In this study, we propose a fully automatic methodology for data generation, correction rule vocabulary construction, and Sequence Tagging model training that specifically targets Grammatical Error Correction. Our approach operates at the SentencePiece subword level, using basic transformations – keep, append, replace and delete – that are universally applicable across languages, thereby eliminating the need for grammar-specific operations. By using the Levenshtein algorithm to generate ground truth corrections and editorial prescriptions, we obtained a completely invariant and language-independent dataset generation process. We applied our method to the Sequence Tagging model GECToR and achieved comparable quality results for English with F0.5 scores of 62.4 on the CoNLL-2014 (test set) and 61.9 on the BEA-2019 (test set), without manual rule design or manual annotation of error spans/types. The results indicate that subword-level universal edits can provide a practical alternative to grammar-specific operations, while requiring only parallel correction data.

Keywords

grammar error corrections; neural language processing; transformers; machine learning.

Edition

Proceedings of the Institute for System Programming, vol. 38, issue 3, part 1, 2026, pp. 187-196

ISSN 2220-6426 (Online), ISSN 2079-8156 (Print).
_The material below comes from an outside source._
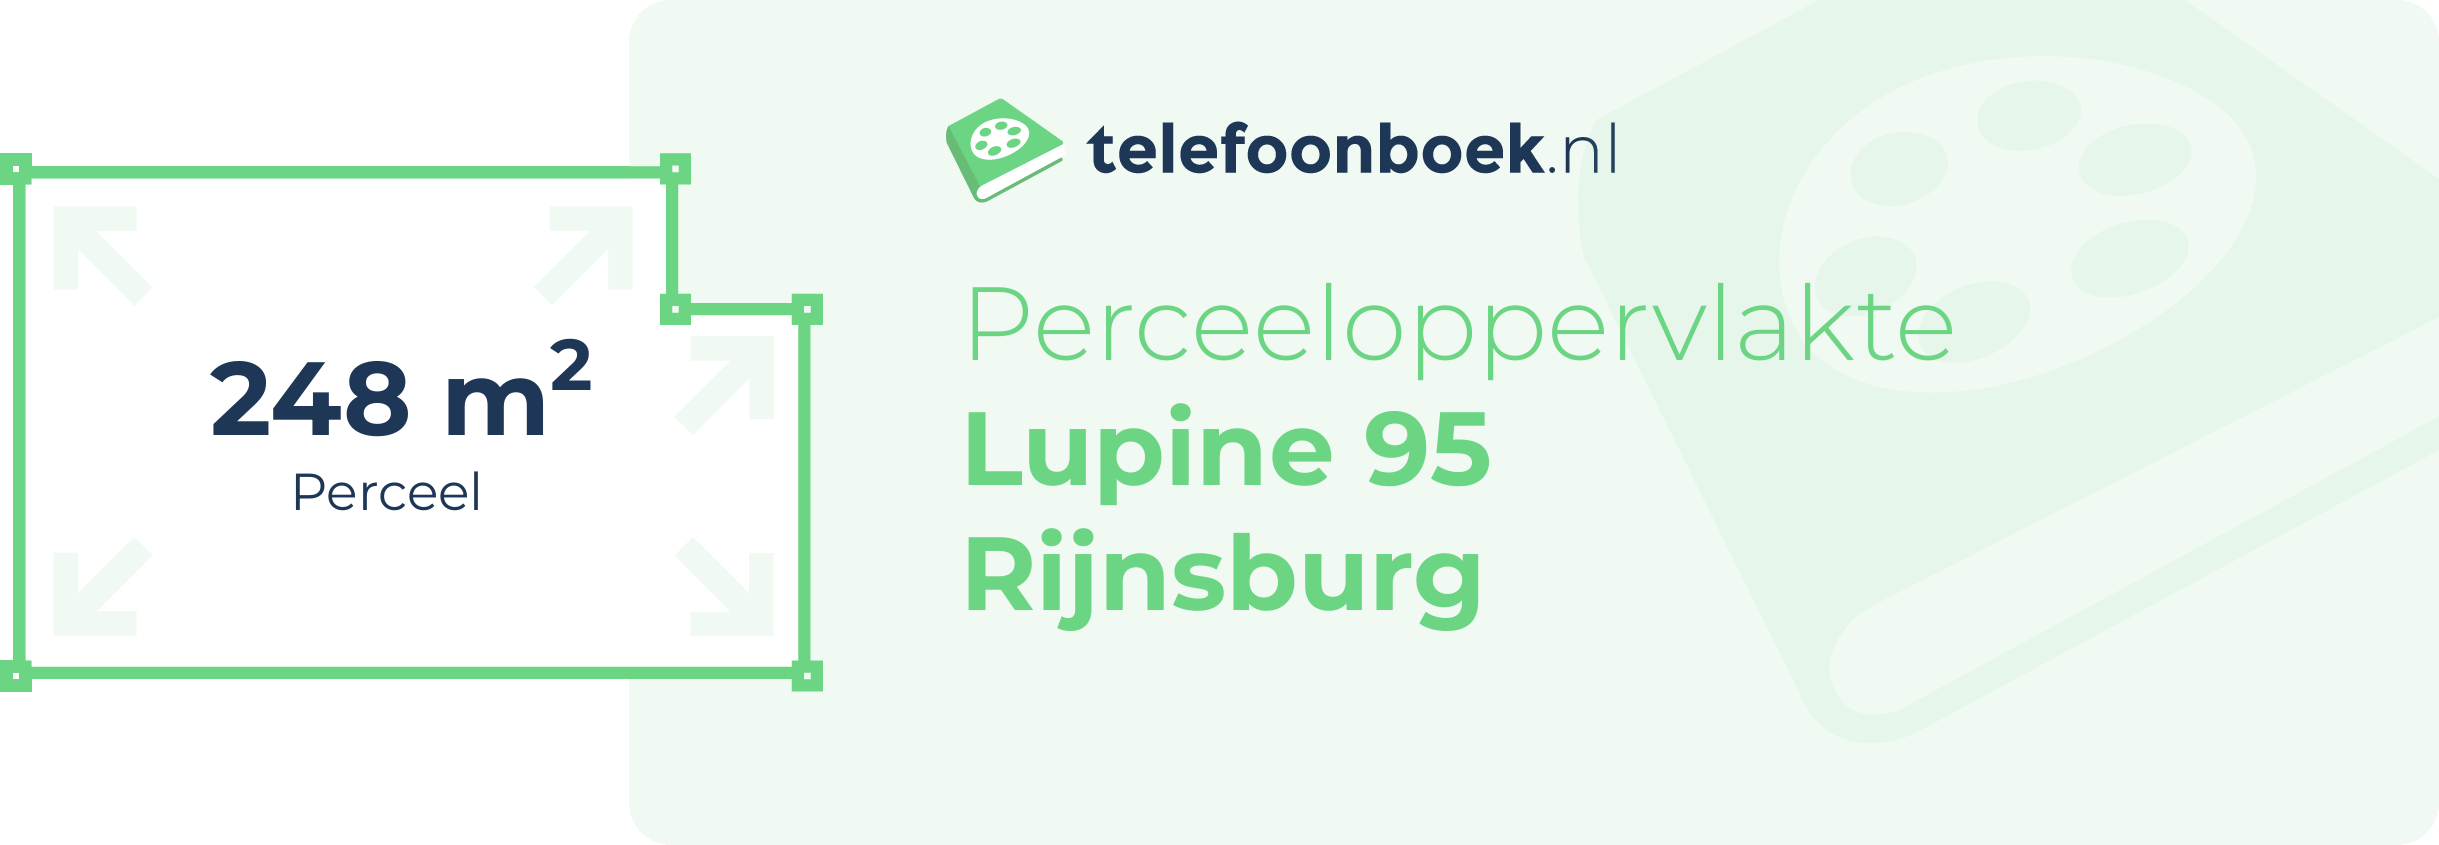 Perceeloppervlakte Lupine 95 Rijnsburg

DOI: 10.15514/ISPRAS-2026-38(3)-11

For citation

Khabutdinov I.A., Grabovoy А.V., Chekhovich Yu.V., Kildyakov A.S., Ivakhnenko A.A. Subword-level grammatical error correction: a universal approach. Proceedings of the Institute for System Programming, vol. 38, issue 3, part 1, 2026, pp. 187-196 DOI: 10.15514/ISPRAS-2026-38(3)-11.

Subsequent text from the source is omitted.